Une peine intense lui grimpa dans l’échine quand elle songea à leur dernier baiser. La photo avait ravivé ce moment où ils s’étaient embrassés dans le jardin, un dimanche, pour la dernière fois. Ils venaient d’acheter un petit fusain, sur lequel ils avaient flashé tous les deux. Il était allé lui chercher une bêche et une pelle dans le cabanon. Elle s’occuperait de planter le petit dernier pendant que lui taillerait la haie. Ils s’étaient rejoints sous le châtaigner avant de se mettre au travail et s’étaient enlacés tendrement. Il lui avait mis une main aux fesses comme il avait toujours su le faire, avec passion, mais douceur et discrétion. Ils s’étaient embrassés comme un jeune couple, fougueusement et avec malice. Cette scène avait dû se répéter des milliers de fois depuis qu’ils avaient acheté cette maison. Quarante ans en arrière on les aurait sûrement retrouvés ainsi, rieurs et amoureux.

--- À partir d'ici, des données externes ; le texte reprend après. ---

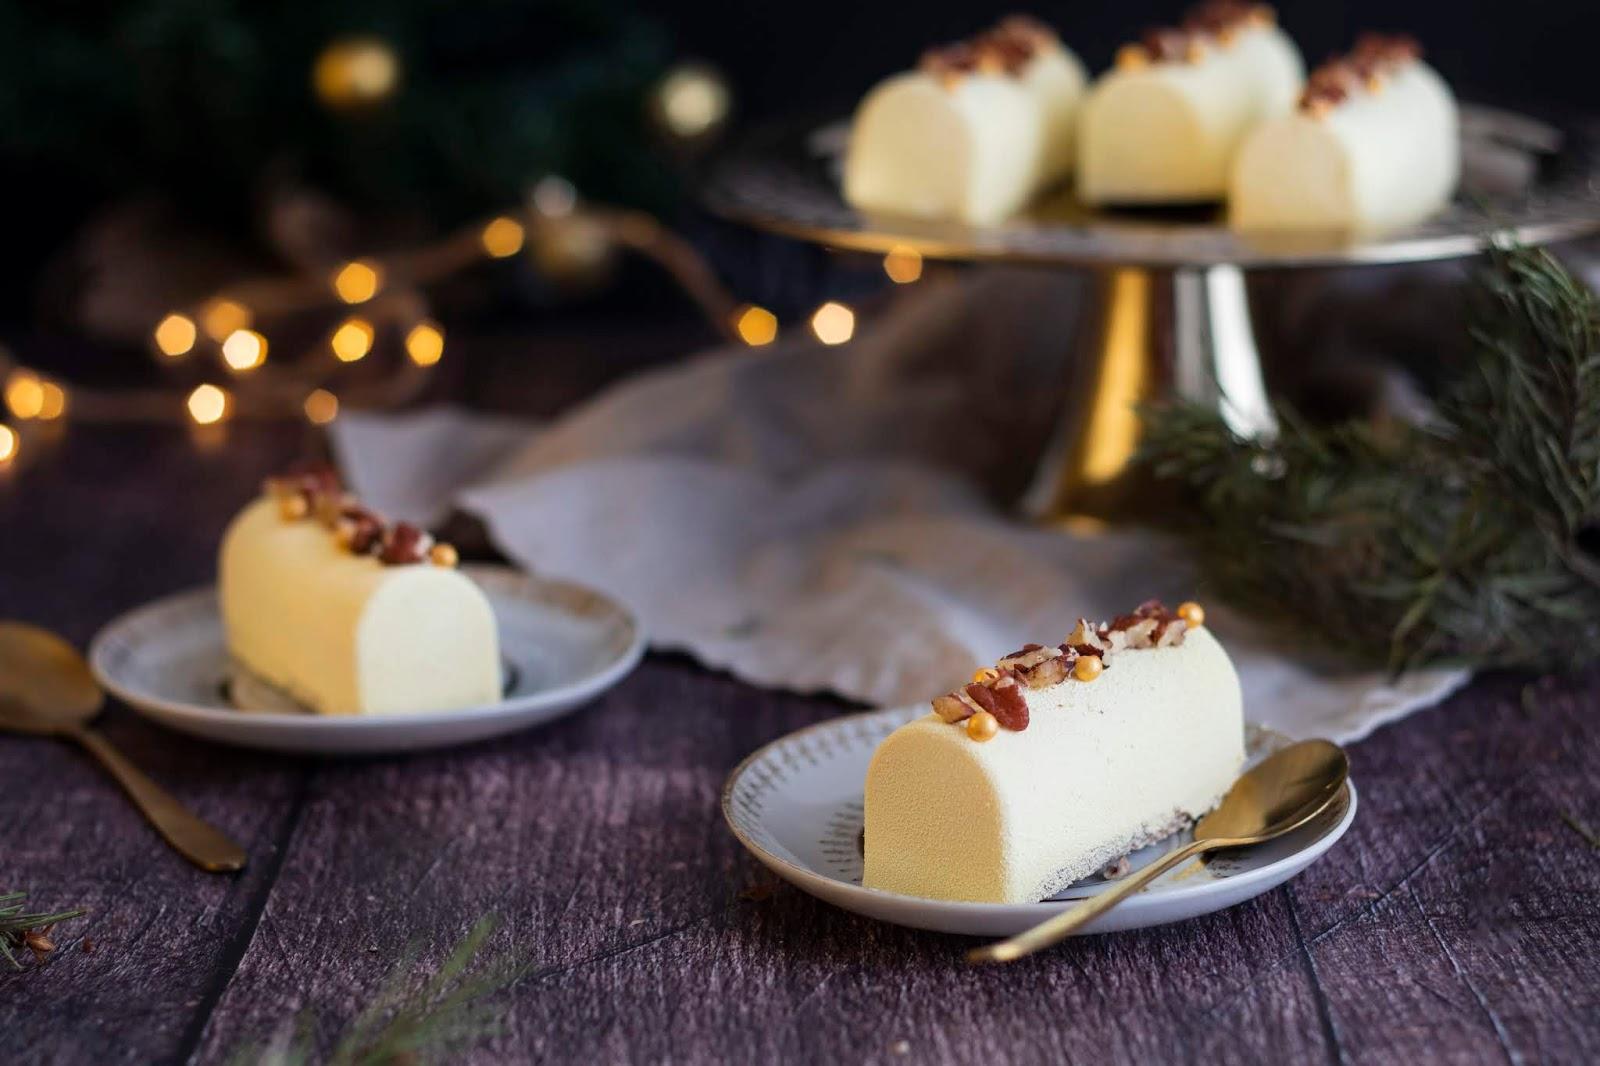 Délicieuse recette de mini bûches à la vanille et aux noix de pécan. Parfait en fin de repas pour les fêtes

Ils tenaient tellement à cet endroit. C’était leur petit rêve à eux. L’endroit où ils cultiveraient leur amour au jour le jour. Où ils verraient grandir leurs enfants, où ils accueilleraient un petit chien affectueux mais collant, où ils bricoleraient un coin pour bouquiner avec vue sur l’extérieur, où ils referaient la salle de bain entre autres travaux sans fin. Où ils changeraient la peinture de temps en temps. Où ils passeraient Noël et les vacances d’été avec leurs proches.
La maison était vide maintenant, et leur vie rêvée n’y existait plus.
Pierre lui manquait tellement. A l’évocation de ces pensées, il lui aurait tenu la main, l’aurait rassurée et lui aurait dit que tout allait bien se passer. Il lui aurait passé les bras autour de la taille, puis autour du cou, il l’aurait embrassée sur la joue, puis sur les lèvres. Il l’aurait regardée et lui aurait dit qu’il l’aimait. Elle aurait posé sa tête contre son épaule et lui aurait répondu qu’elle l’aimait également.
Ces dernières années étaient floues et confuses, mais Pierre était toujours là dans sa mémoire et dans son cœur. Constant, présent. C’était son amarre. Le plus beau des souvenirs qu’il lui resterait. Quand le chagrin se faisait trop important, elle essayait de lui parler en pensant très fort à lui. Elle jetait un œil par la fenêtre et regardait les nuages. Elle lui évoquait alors ces moments inoubliables où ils allaient en bord de mer contempler les paysages du Golfe bercés d’un soleil doré qui se réfléchissait sur les vagues et colorait l’horizon. Les nuages étaient si beaux, et l’amour omniprésent.
Le ciel était beau aujourd’hui aussi. Aujourd’hui particulièrement.
Jeanne sentait qu’aujourd’hui n’était pas un jour comme les autres. Elle avait déjà connu cette sensation. Ce sentiment qui gravite autour d’un tableau apaisant, pouvant à tout moment dériver vers l’angoisse ou vers la paix intérieure. Cette peur vive qui nous prend quand quelque chose doit basculer pour toujours et que le choix nous appartient encore quelques instants. Comme ces angoisses d’enfant qui disparaissent dans les bras de nos parents. Comme cette angoisse intense qui nous envahit quand le choix nous est donné de changer le cours notre vie et que nous empruntons la bonne direction.
Jeanne était fatiguée. Elle ferma les yeux et songea à faire une sieste en attendant l’infirmière qui passerait certainement sous peu. Ou bien serait-ce un proche, un enfant, un petit-enfant ou arrière petit-enfant qui viendrait pointer le bout de son nez, et elle n’y comprendrait rien, mais serait tout de même contente.
Elle ferma les yeux et glissa peu à peu dans un sommeil profond. A moitié rêve, à moitié réel, mais toujours cette sensation. Une angoisse qui mute tranquillement en sérénité.
Elle ferma les yeux et se souvint de son père.
De sa mère.
Du chaos avant la vie.
Elle ferma les yeux et, glissant comme sur un nuage, rejoignit son amoureux pour toujours.